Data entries
··········

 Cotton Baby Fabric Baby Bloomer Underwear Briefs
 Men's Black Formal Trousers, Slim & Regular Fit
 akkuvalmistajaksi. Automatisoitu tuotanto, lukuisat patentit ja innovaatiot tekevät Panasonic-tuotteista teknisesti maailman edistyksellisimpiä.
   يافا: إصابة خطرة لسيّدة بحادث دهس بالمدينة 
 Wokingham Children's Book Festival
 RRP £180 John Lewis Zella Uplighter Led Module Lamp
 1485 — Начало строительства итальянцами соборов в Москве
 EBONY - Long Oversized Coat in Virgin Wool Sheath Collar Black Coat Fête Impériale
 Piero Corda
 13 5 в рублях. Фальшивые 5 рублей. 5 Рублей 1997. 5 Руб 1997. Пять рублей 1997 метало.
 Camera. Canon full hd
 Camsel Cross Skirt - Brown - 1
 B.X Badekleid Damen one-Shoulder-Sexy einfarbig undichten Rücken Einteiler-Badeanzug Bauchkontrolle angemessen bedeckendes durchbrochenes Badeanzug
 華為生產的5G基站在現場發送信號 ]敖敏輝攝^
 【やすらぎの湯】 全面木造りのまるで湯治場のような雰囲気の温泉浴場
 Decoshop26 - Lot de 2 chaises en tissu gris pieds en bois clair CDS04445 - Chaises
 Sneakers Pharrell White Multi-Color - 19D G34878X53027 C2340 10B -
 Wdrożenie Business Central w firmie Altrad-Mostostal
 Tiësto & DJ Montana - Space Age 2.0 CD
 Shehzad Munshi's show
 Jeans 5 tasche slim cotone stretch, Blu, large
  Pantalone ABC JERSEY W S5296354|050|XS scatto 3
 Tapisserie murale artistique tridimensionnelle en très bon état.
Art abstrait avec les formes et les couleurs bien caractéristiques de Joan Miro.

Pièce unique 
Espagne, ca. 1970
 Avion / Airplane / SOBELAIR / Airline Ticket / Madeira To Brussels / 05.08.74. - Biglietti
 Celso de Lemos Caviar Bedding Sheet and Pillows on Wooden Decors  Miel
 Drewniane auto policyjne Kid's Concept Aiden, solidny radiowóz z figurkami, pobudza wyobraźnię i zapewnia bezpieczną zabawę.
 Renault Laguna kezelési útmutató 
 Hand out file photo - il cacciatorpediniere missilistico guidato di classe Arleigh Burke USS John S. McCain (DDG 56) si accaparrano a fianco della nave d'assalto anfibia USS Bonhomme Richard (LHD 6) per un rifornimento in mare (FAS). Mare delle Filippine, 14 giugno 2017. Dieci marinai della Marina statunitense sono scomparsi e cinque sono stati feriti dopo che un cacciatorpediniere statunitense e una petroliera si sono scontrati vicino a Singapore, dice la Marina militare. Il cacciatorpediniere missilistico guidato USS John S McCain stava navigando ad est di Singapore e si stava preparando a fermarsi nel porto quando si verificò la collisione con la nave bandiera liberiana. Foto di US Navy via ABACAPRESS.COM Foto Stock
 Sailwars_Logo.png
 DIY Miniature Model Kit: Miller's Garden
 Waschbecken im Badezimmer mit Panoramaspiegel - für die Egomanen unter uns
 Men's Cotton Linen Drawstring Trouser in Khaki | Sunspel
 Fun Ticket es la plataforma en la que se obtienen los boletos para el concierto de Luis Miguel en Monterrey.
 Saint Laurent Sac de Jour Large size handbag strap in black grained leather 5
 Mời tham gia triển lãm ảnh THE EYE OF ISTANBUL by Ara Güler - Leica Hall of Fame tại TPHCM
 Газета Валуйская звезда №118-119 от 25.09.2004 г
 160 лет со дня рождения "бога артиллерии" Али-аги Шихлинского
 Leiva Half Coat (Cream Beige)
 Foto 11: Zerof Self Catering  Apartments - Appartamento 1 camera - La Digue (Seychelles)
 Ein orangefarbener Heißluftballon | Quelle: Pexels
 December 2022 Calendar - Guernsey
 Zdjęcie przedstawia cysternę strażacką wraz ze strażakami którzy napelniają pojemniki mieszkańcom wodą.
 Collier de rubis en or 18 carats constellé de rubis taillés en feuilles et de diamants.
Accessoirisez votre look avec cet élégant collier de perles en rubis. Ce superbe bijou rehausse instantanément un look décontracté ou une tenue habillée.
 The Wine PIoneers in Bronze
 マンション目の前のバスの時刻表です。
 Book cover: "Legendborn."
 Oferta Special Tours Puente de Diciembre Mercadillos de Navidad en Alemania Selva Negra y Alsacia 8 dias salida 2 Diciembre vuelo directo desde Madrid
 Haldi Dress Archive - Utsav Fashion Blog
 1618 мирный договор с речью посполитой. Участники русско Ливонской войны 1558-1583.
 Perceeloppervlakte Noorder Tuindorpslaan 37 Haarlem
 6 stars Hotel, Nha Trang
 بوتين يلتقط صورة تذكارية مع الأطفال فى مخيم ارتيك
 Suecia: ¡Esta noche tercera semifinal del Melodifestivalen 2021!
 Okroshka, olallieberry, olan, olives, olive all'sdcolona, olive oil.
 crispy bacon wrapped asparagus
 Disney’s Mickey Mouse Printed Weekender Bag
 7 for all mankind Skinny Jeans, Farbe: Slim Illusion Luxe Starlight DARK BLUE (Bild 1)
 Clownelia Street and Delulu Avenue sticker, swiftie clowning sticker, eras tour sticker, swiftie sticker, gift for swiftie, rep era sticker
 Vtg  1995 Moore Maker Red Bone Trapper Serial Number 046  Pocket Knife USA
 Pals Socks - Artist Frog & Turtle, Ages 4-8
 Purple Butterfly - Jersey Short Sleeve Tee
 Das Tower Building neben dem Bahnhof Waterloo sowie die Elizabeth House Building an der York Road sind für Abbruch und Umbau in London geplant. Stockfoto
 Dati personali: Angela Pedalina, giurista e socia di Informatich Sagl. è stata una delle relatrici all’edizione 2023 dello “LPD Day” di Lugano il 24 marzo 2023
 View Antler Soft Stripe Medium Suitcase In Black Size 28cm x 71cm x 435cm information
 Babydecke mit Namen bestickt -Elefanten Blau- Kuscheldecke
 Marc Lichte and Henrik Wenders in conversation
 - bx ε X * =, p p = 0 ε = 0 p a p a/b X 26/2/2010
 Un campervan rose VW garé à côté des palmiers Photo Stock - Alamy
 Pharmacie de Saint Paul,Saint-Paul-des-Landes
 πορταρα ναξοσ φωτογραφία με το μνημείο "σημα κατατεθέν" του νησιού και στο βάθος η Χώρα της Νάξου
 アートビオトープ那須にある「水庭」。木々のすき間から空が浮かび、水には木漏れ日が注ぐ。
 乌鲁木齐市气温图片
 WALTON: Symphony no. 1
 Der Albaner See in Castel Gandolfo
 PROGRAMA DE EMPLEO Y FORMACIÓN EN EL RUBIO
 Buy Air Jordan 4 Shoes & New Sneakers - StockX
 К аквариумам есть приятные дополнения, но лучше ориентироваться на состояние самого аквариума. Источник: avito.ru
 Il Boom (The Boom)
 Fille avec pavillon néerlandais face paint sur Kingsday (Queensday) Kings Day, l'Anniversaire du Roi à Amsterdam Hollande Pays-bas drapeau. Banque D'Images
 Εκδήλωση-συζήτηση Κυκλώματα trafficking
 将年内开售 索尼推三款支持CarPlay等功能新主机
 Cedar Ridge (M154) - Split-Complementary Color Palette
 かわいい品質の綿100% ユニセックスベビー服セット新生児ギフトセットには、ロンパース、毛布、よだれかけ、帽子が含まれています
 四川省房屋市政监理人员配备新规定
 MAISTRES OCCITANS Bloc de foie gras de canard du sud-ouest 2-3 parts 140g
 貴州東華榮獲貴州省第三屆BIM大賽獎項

··········

Task to carry out >> The answer must be every line of the data that holds the word "Coat".

Answer box >>
 EBONY - Long Oversized Coat in Virgin Wool Sheath Collar Black Coat Fête Impériale
 Leiva Half Coat (Cream Beige)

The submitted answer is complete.